Dataset records
◆ ◆ ◆ ◆ ◆
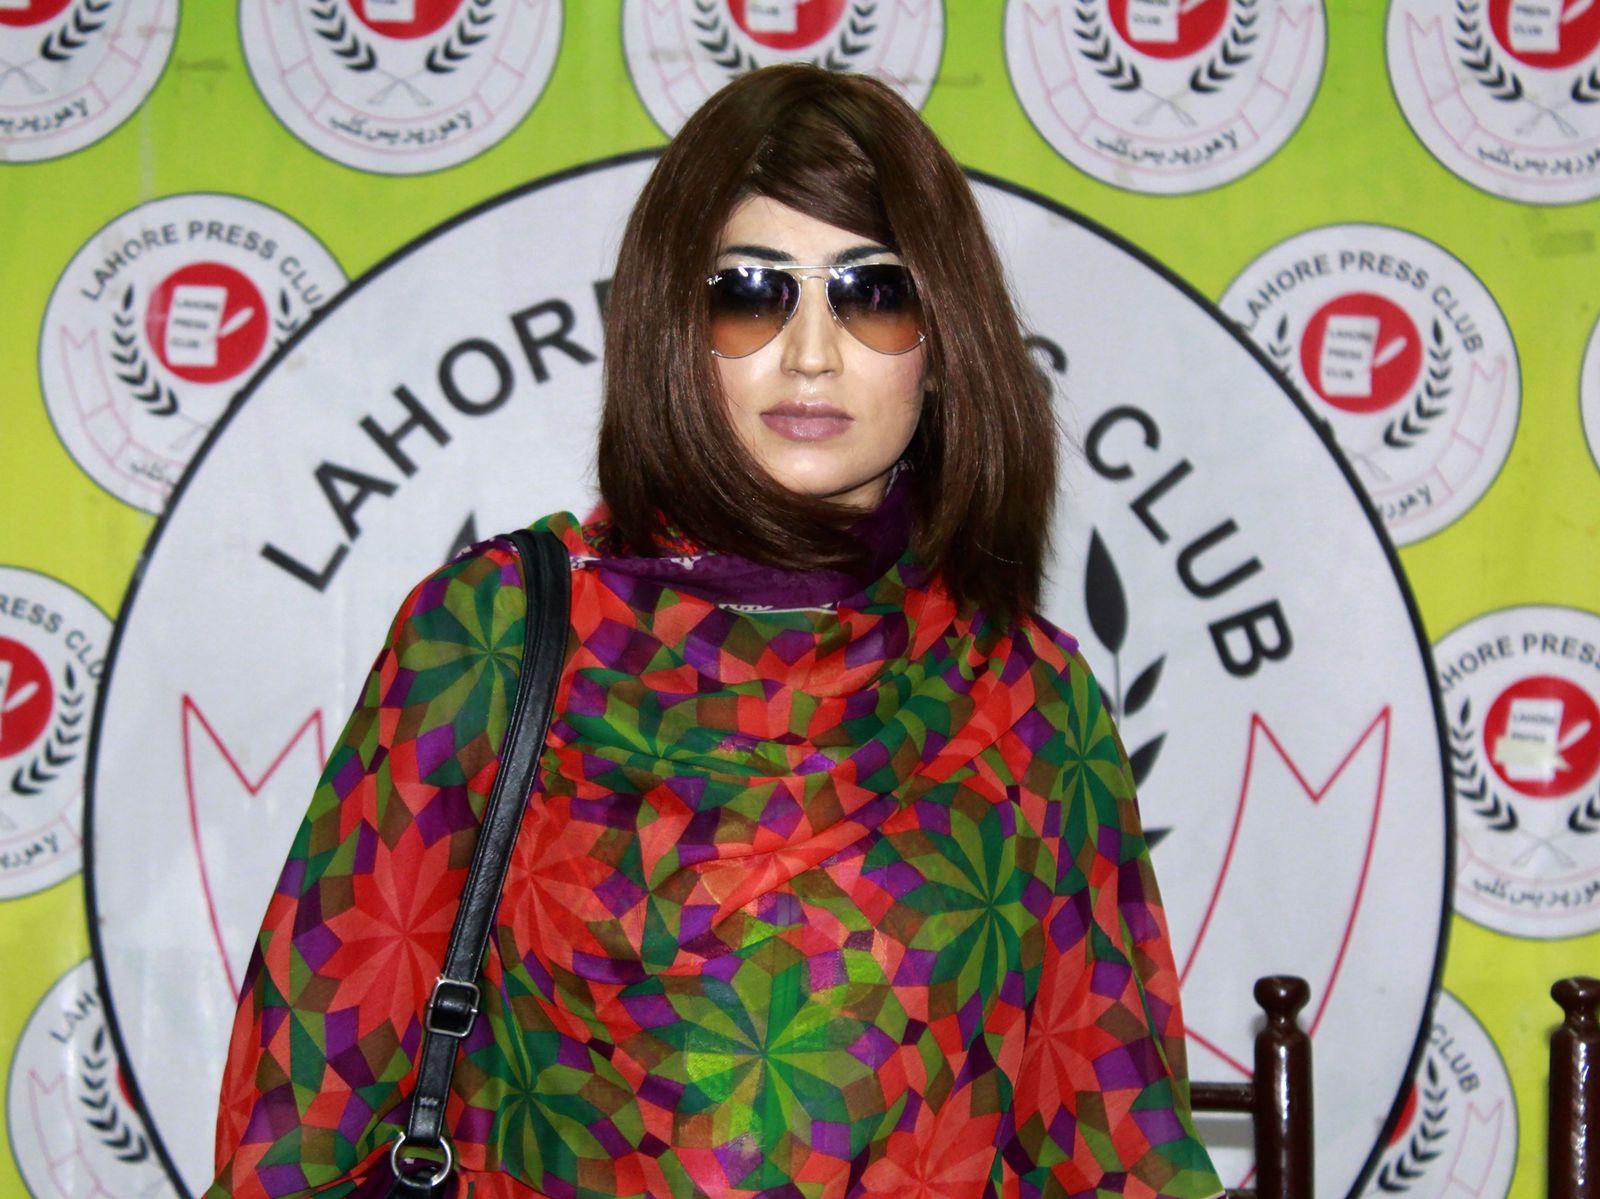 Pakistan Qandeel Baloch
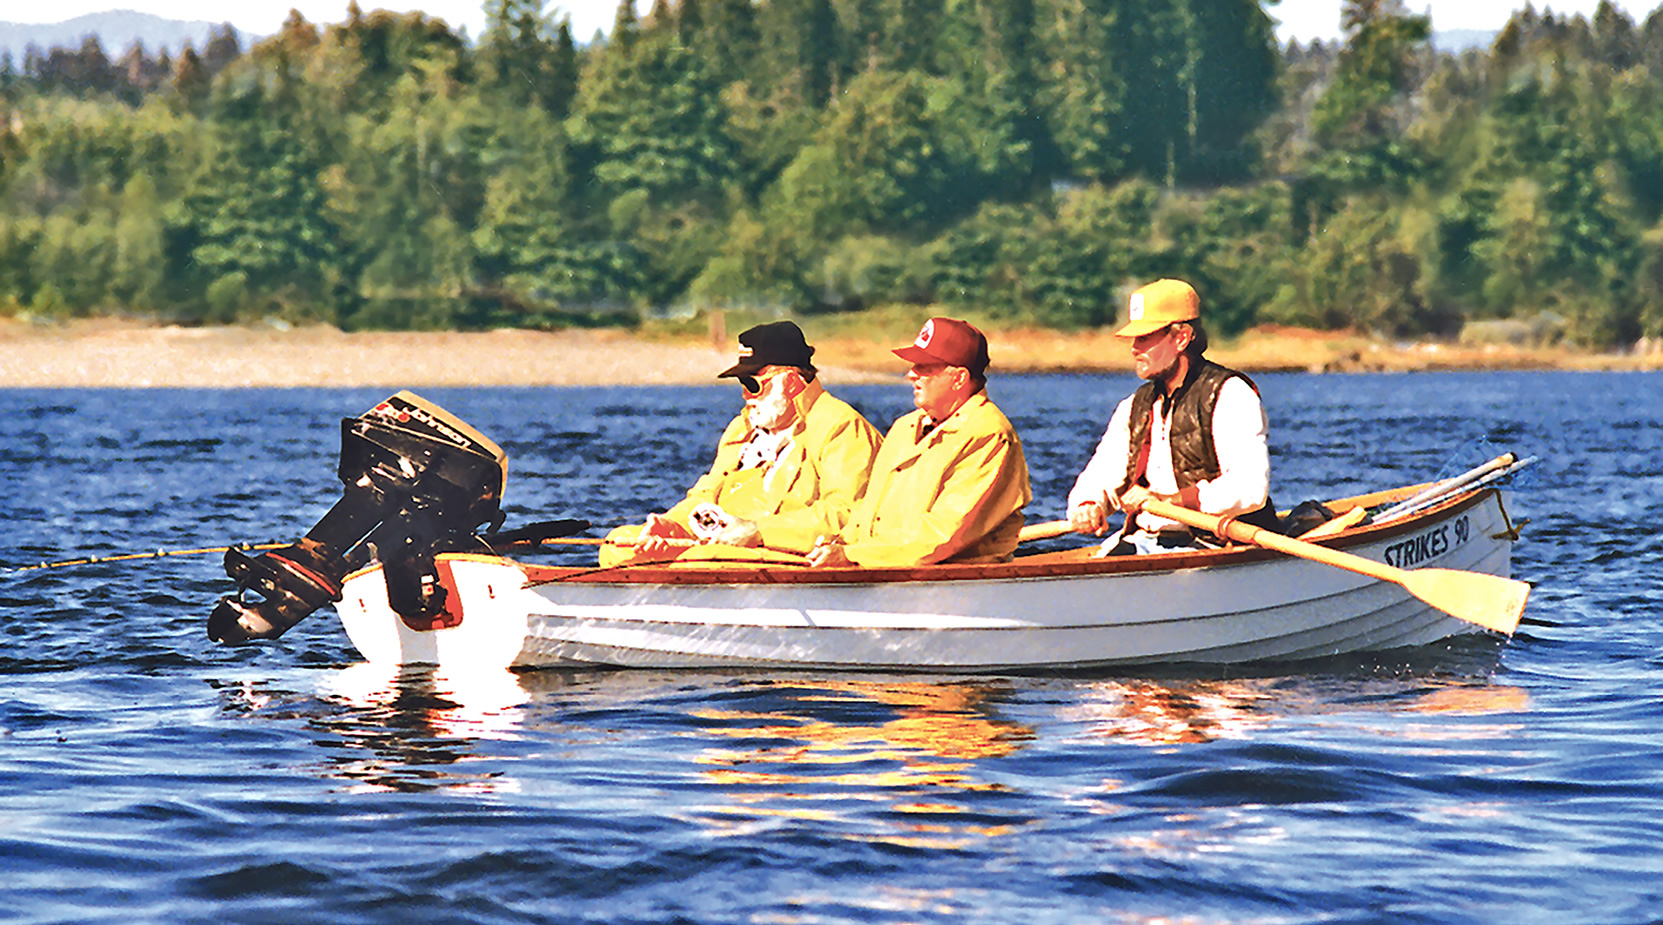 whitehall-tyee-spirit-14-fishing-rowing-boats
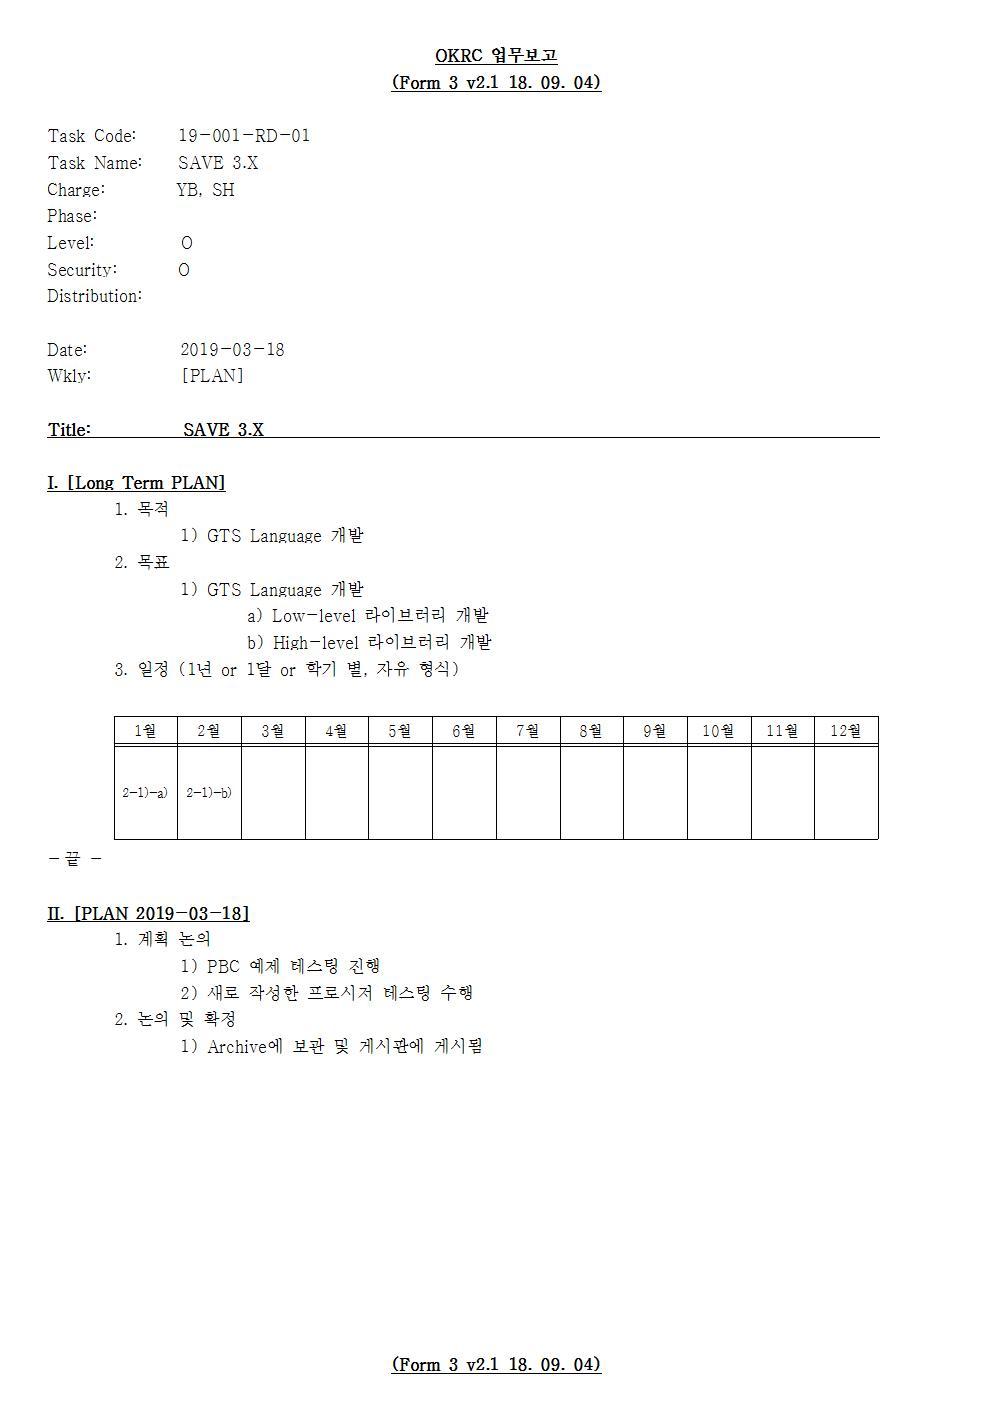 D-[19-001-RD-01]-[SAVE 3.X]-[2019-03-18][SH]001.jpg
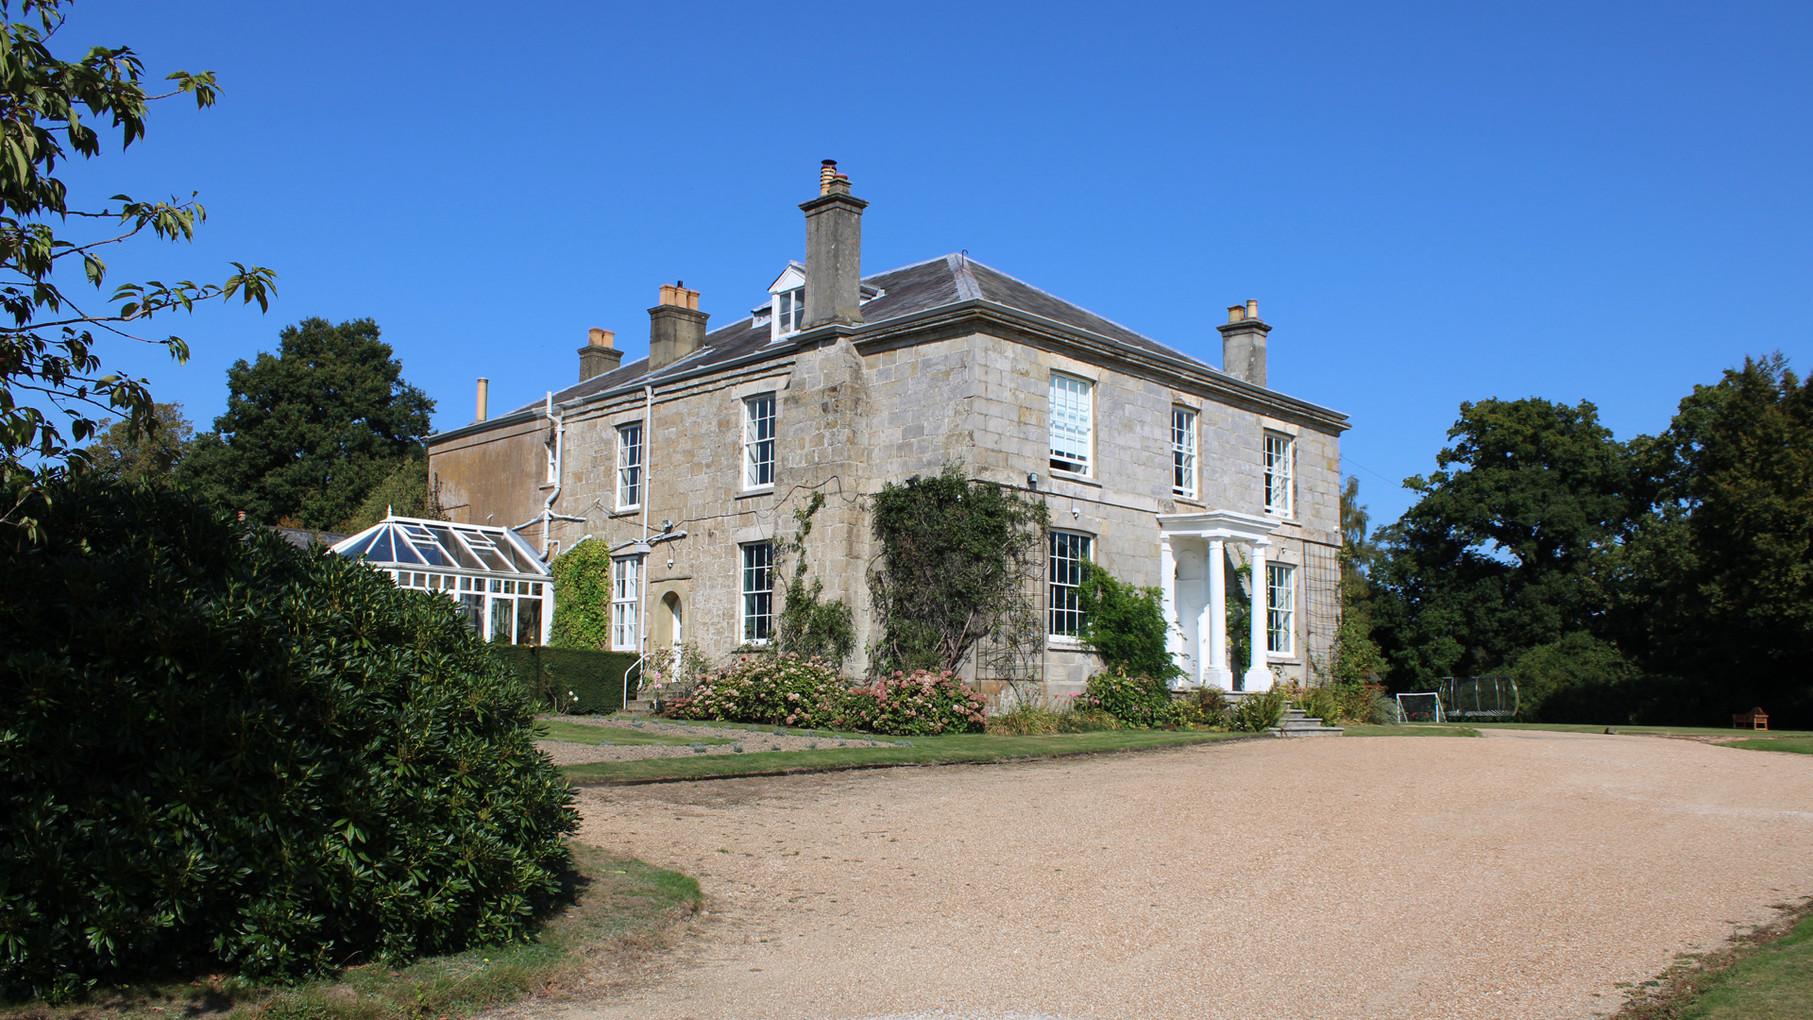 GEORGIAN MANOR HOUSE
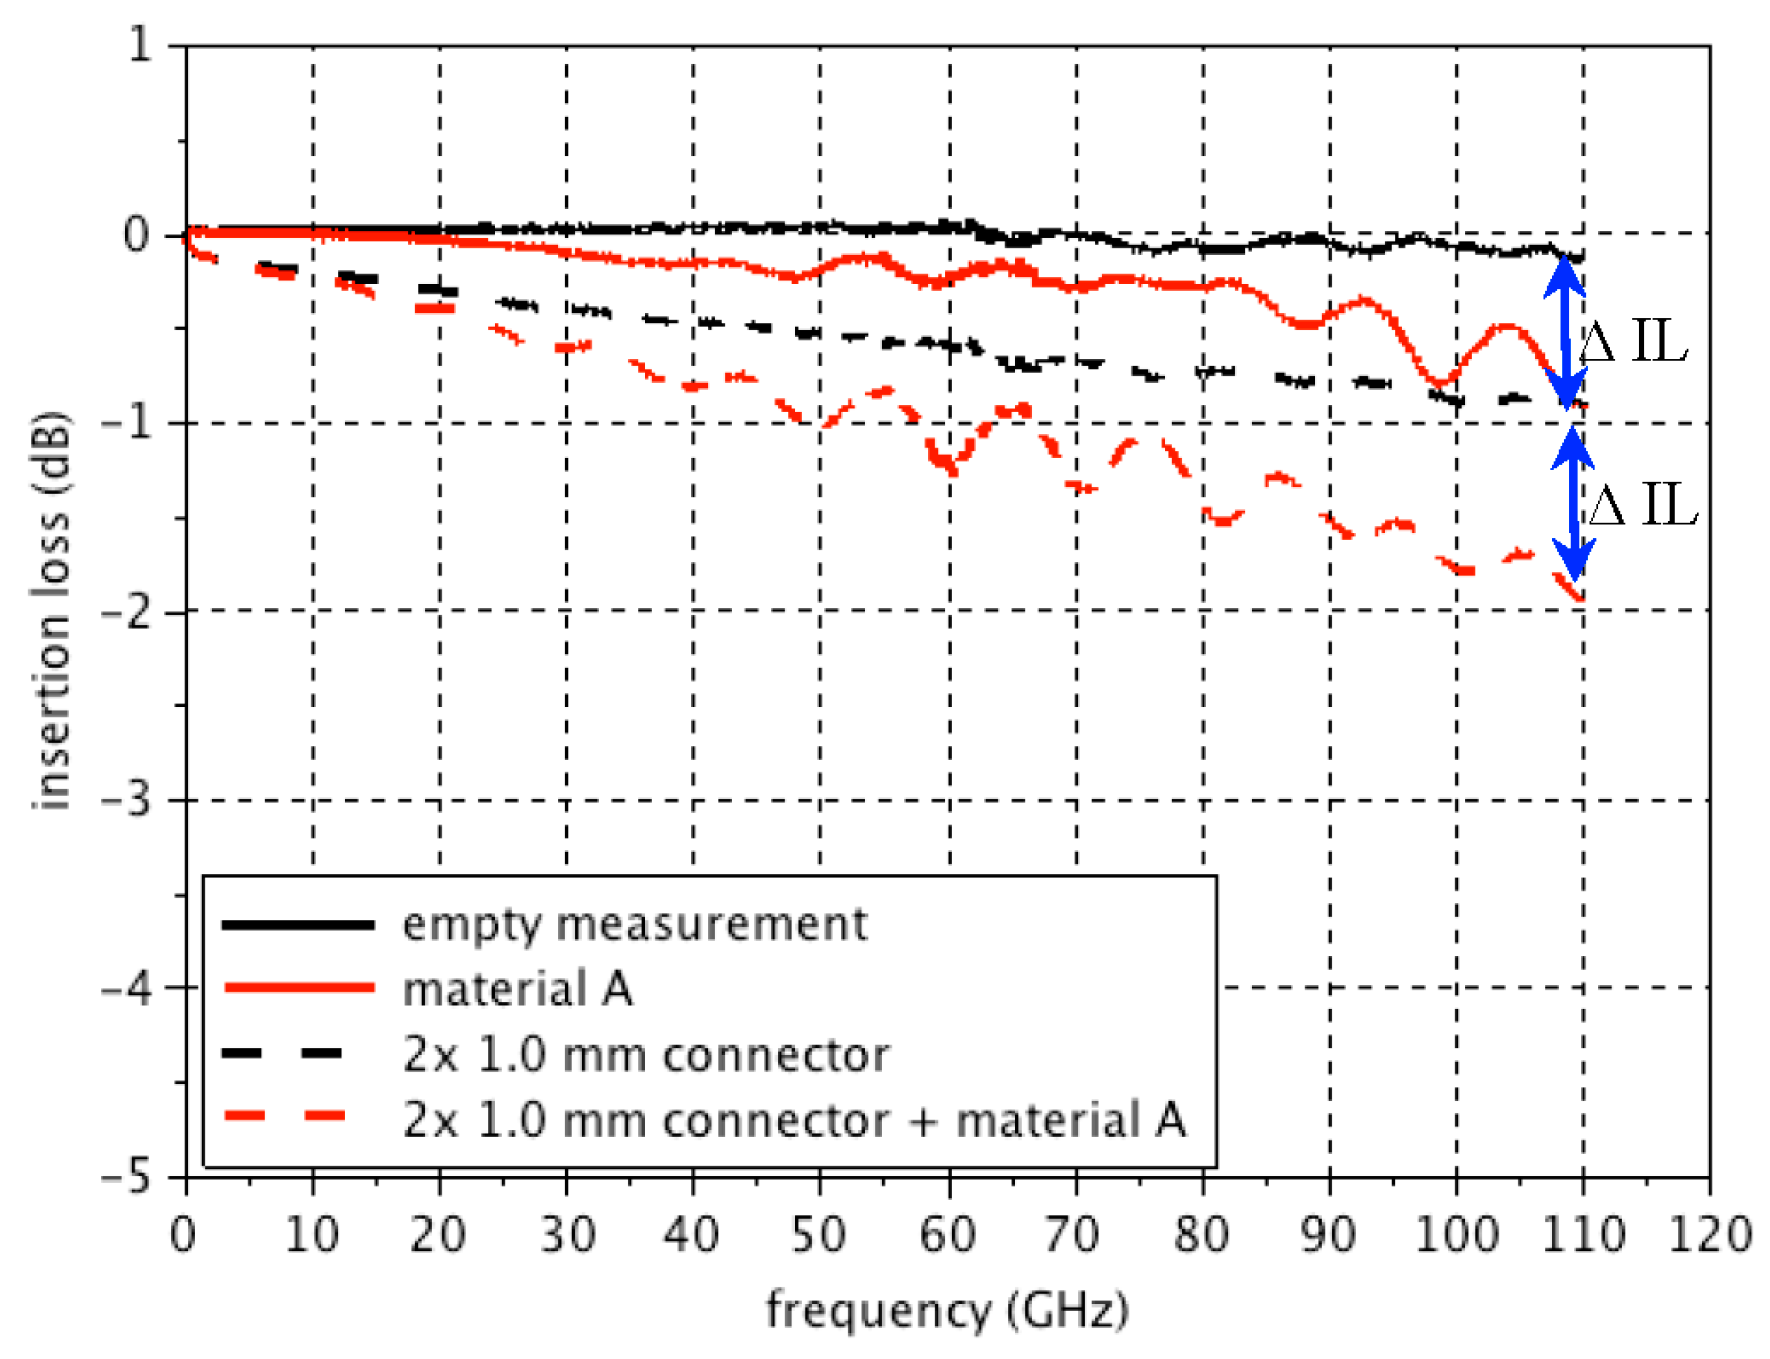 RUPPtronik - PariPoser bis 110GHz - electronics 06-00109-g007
◆ ◆ ◆ ◆ ◆
Goal of the exercise
Write out all the data exactly, minus pictures.

Your solution
 Pakistan Qandeel Baloch
 whitehall-tyee-spirit-14-fishing-rowing-boats
 D-[19-001-RD-01]-[SAVE 3.X]-[2019-03-18][SH]001.jpg
 GEORGIAN MANOR HOUSE
 RUPPtronik - PariPoser bis 110GHz - electronics 06-00109-g007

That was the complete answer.